For the foregoing reasons, I respectfully dissent. I would affirm the district court’s judgment finding that the entry satisfied the requirements of the Fourth Amendment.3 As to the second issue Hill raises on appeal, I concur with the majority’s conclusion in section II.C. as to the validity of the consent Alvarez gave to police to search her residence. Because I conclude that the initial entry and protective sweep were constitutional, the taint issue raised by the majority is not before the court.4 I *276would therefore affirm the district court’s denial of Hill’s motion to suppress the evidence seized from the Lorton townhouse and would affirm the judgment rendered.
. The majority opinion correctly notes a split among the circuits as to what constitutes the “reason to believe” standard. See Maj. Op. at 262-63. No published Fourth Circuit case has previously addressed the application of Payton in this regard, but I agree with the majority that this is not the proper case to address this issue.

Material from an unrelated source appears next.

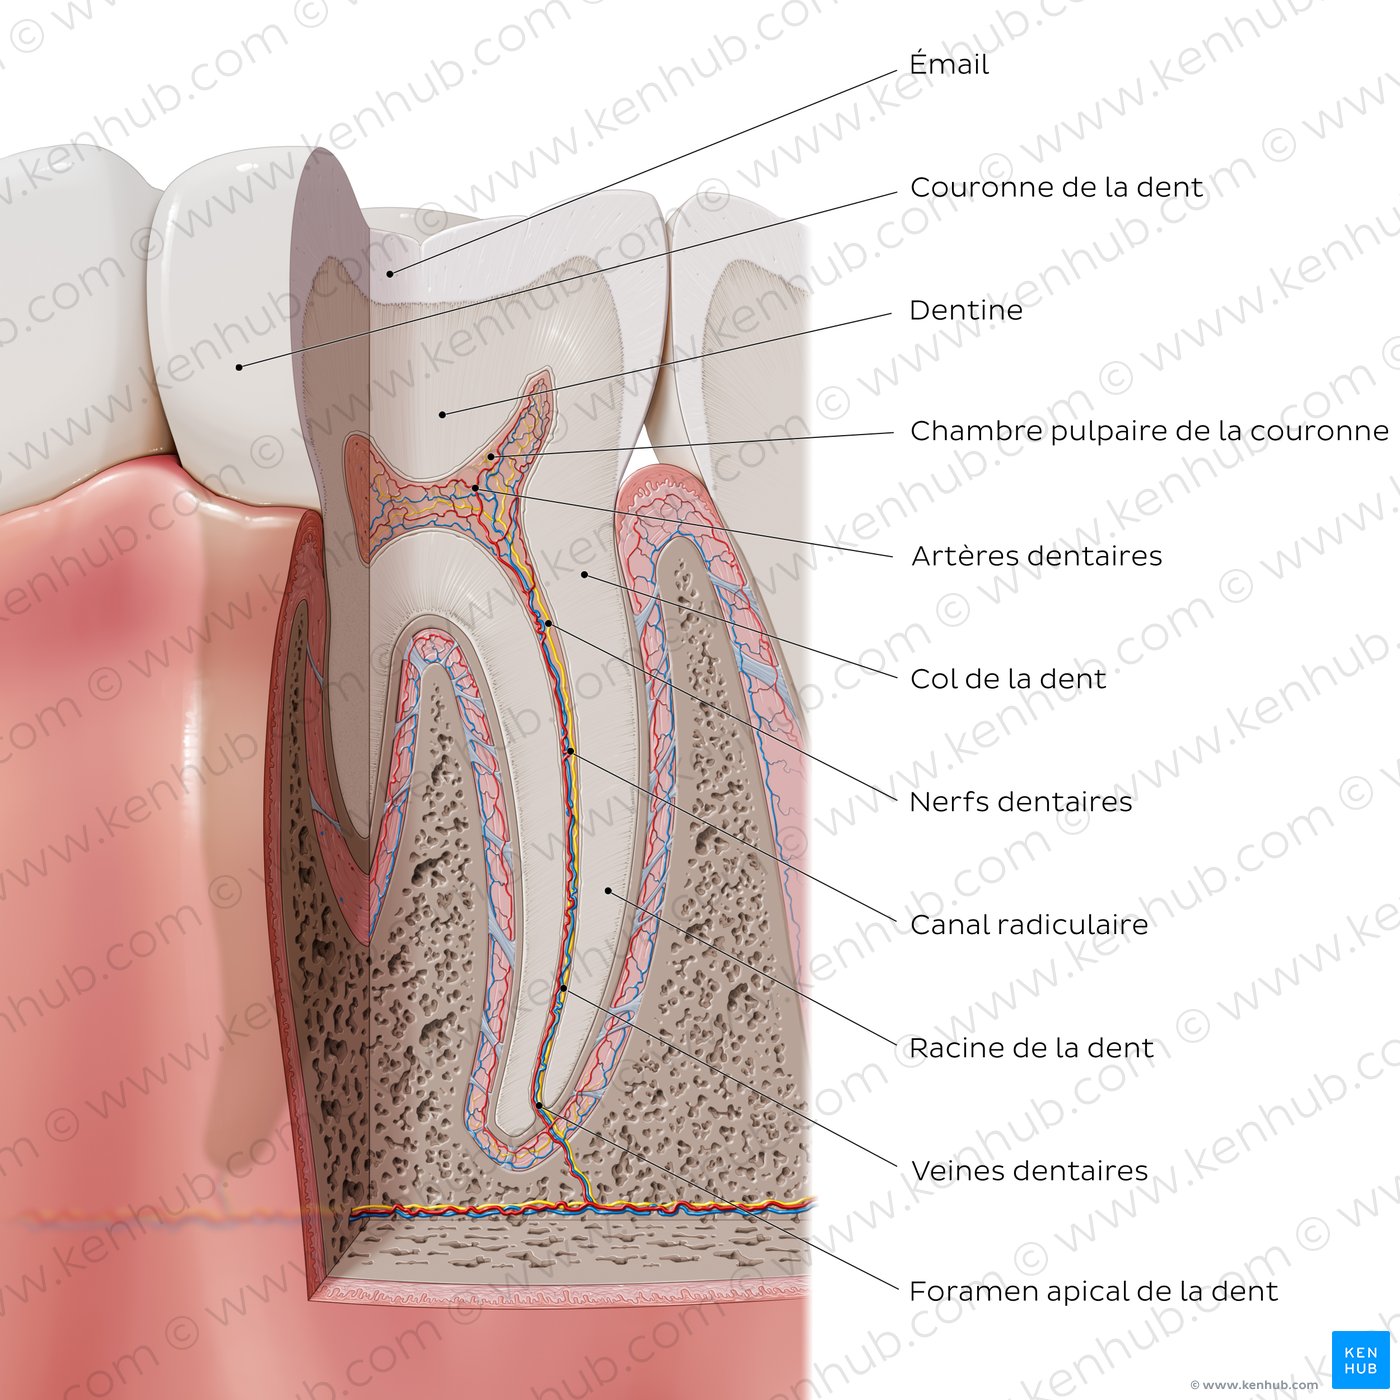 Composants principaux d’une dent (schéma)

. While the majority recites this encounter, it fails to note that Hill fled the residence upon seeing Officer Coligan.
. Since the police entry satisfied Payton, I do not believe it is necessary to address the district court's alternative holding that the police were justified in entering based on exigent circumstances, although I concur with the majority’s analysis in section II.B. that the district court erred in that analysis.
. Even if a remand to consider the “taint” issue were appropriate, it is an issue never *276raised to, argued in, or addressed by the district court. The majority’s speculation on what the district court should do on remand is thus unnecessary and speculative.